Fortescue, the world's fourth-largest iron ore miner, said underlying attributable net profit after tax fell 53% to $1.55 billion for the six months ended December 31, amid falling prices of iron ore and higher costs.
That missed a Visible Alpha consensus estimate of $1.76 billion. Fortescue also declared an interim dividend of A$0.50 per share, which was 7% lower than the consensus, sending its shares down 7.5% compared to smaller losses in other major miners.
"Given revenue was in line... the result is attributed to higher costs," Macquarie said in a note.
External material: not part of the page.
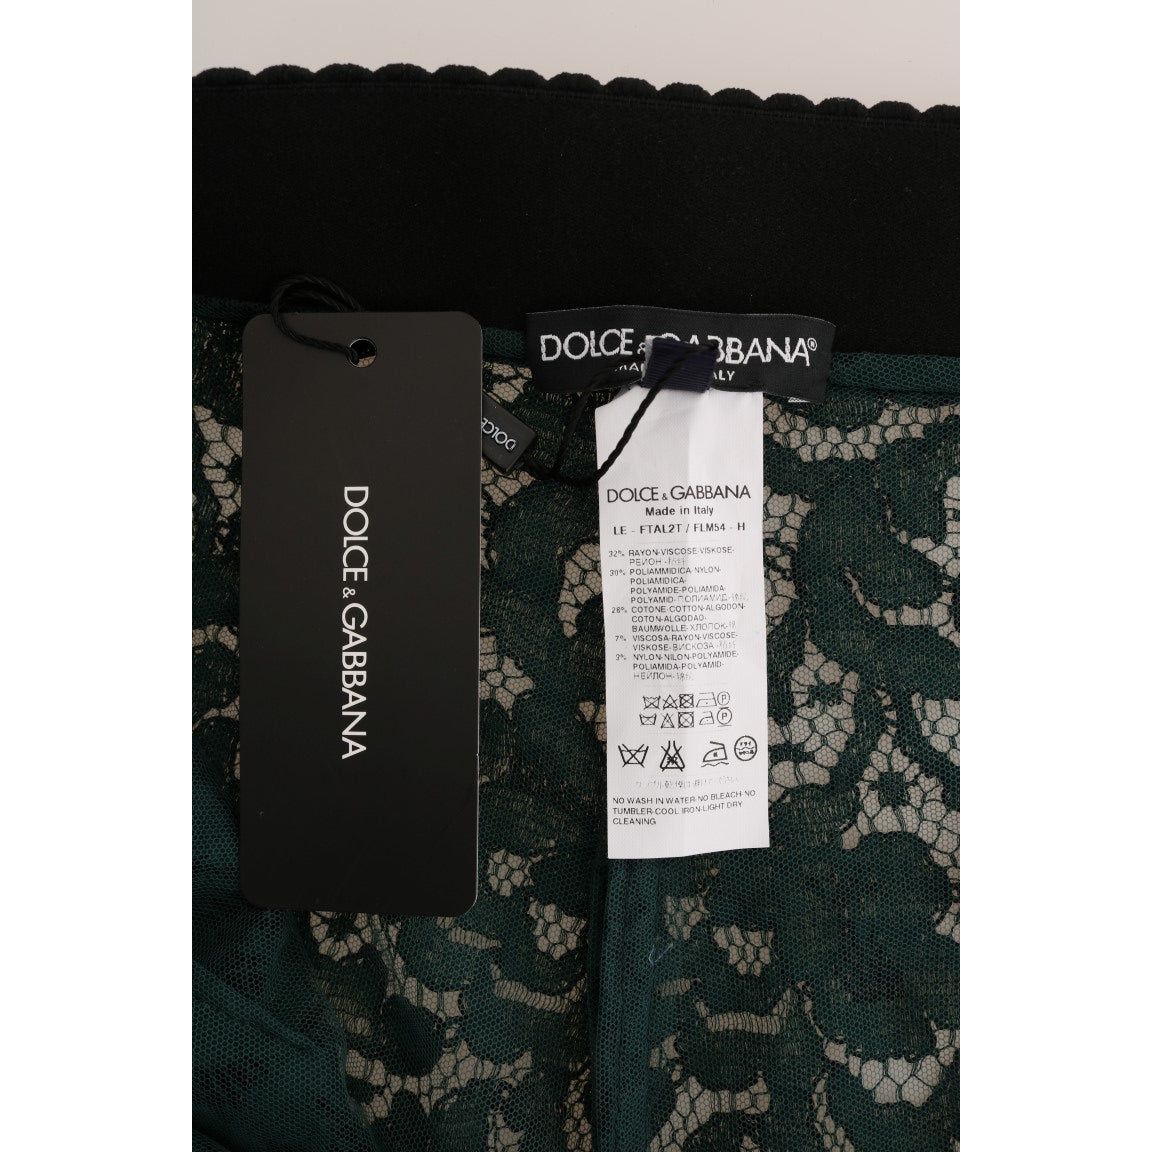 Dolce & Gabbana High Waist Floral Lace Slim Trousers green-floral-lace-leggings-pants 479205-green-floral-lace-leggings-pants-4.jpg

Revenue for the first half was $7.6 billion, matching consensus estimates while unit costs rose by 8% to $19.17 a tonne due to inflationary pressures.
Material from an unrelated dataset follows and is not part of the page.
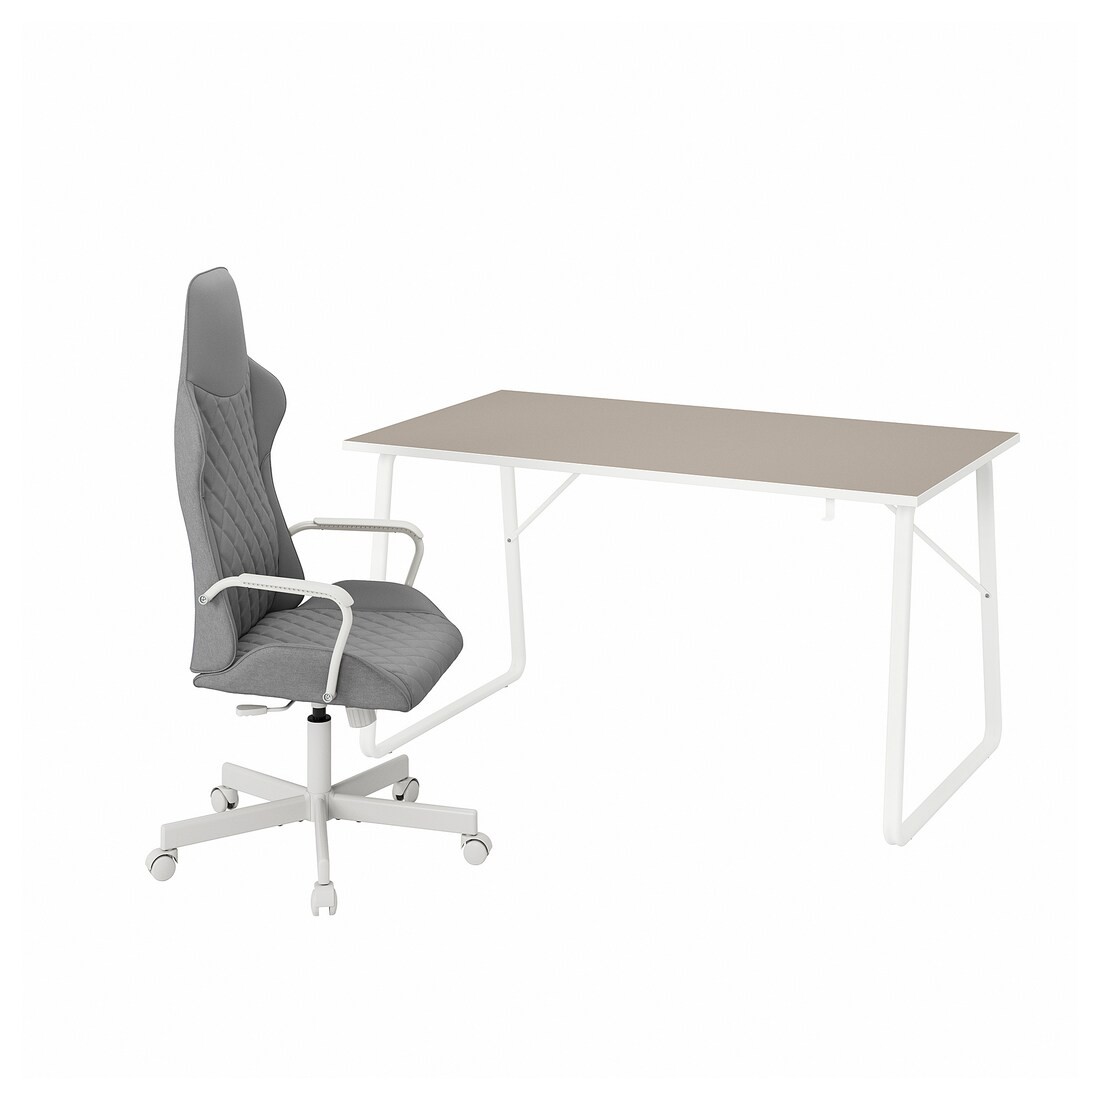 HUVUDSPELARE / UTESPELARE Геймерский стол и стул, бежевый / серый

The miner also revised its full-year forecast for its green energy unit's capital expenditure to $400 million from its previously provided forecast of $500 million.
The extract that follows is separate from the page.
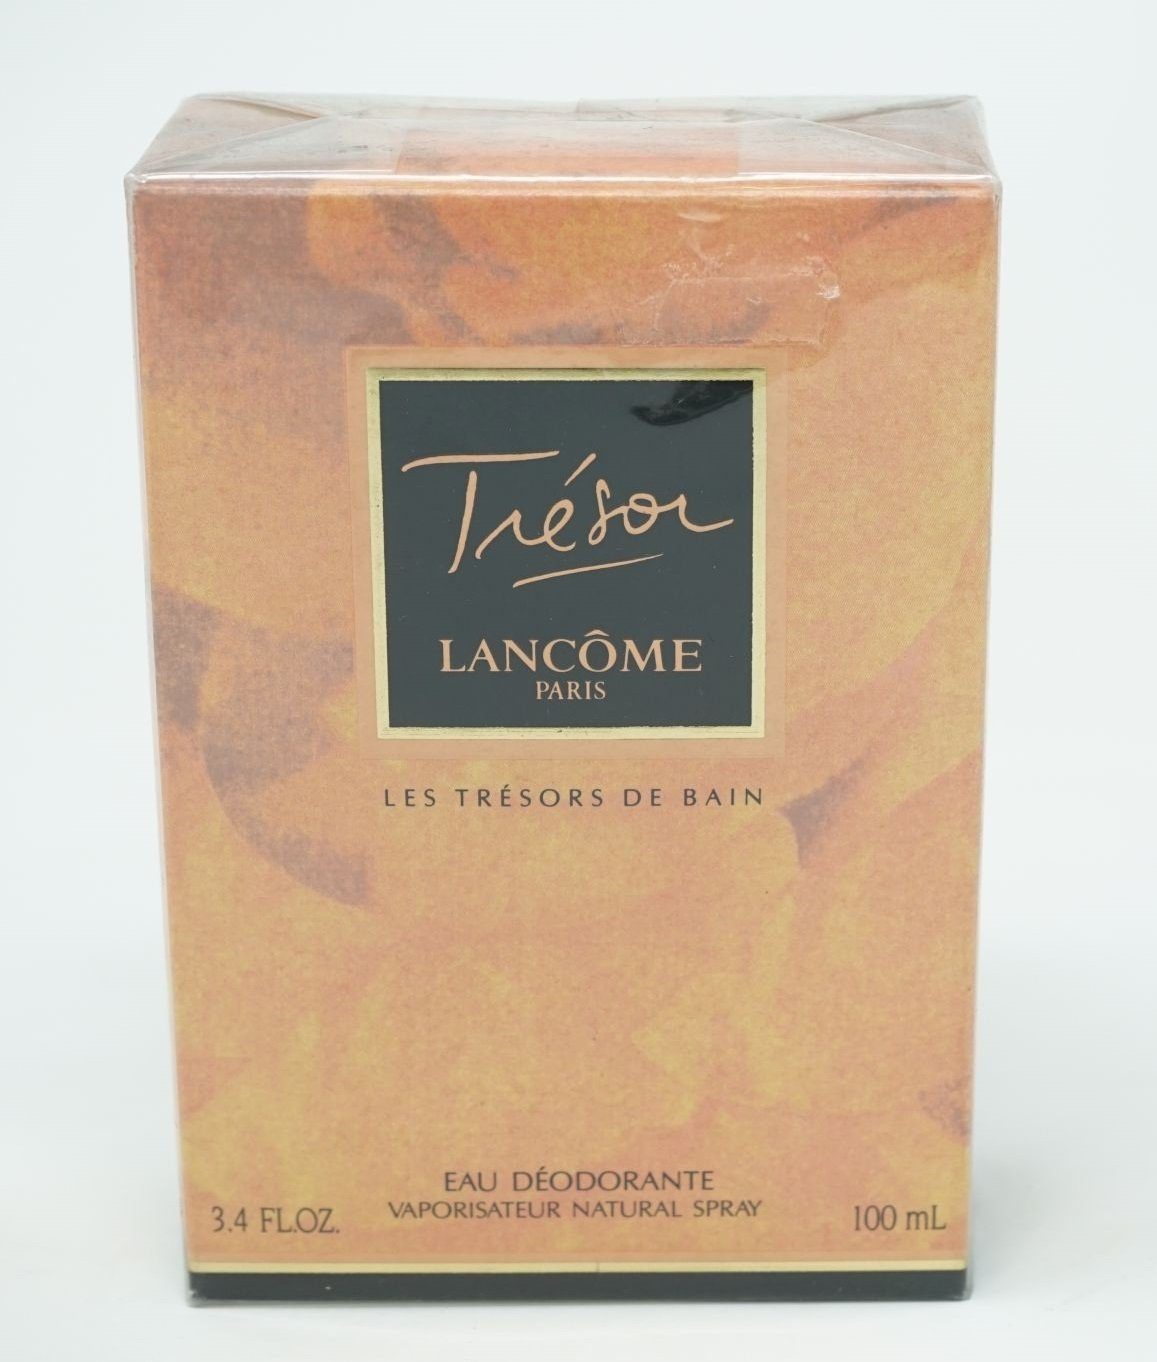 LANCOME Deo-Spray Lancome Trésor Les Tresors De Bain Eau Deodorant Spray 100 ml

"Market conditions are uncertain, with the Trump administration instructing federal agencies to pause grant payments under the Inflation Reduction Act," the company said about its green energy projects.
In July last year, the miner said the unit, Fortescue Energy, was unlikely to meet its target of producing 15 million metric tons of green hydrogen by 2030.
Green iron is produced by reducing iron ore using hydrogen gas, which is then converted into steel in an electric arc furnace.
"Market will want to see energy capex (capital expenditure) and opex (operating expenditure) cut further," analysts at Citi said in a note.
Fortescue is reconsidering the development timeframes of its U.S. Arizona project and the Gladstone hydrogen project in Australia.
The company said it had put under review the timeline for its Iron Bridge magnetite facility to get to capacity of 22 million tonnes a year but that it was on track to achieve the fiscal 2025 target for shipments of 5.0 to 9.0 million metric tonnes.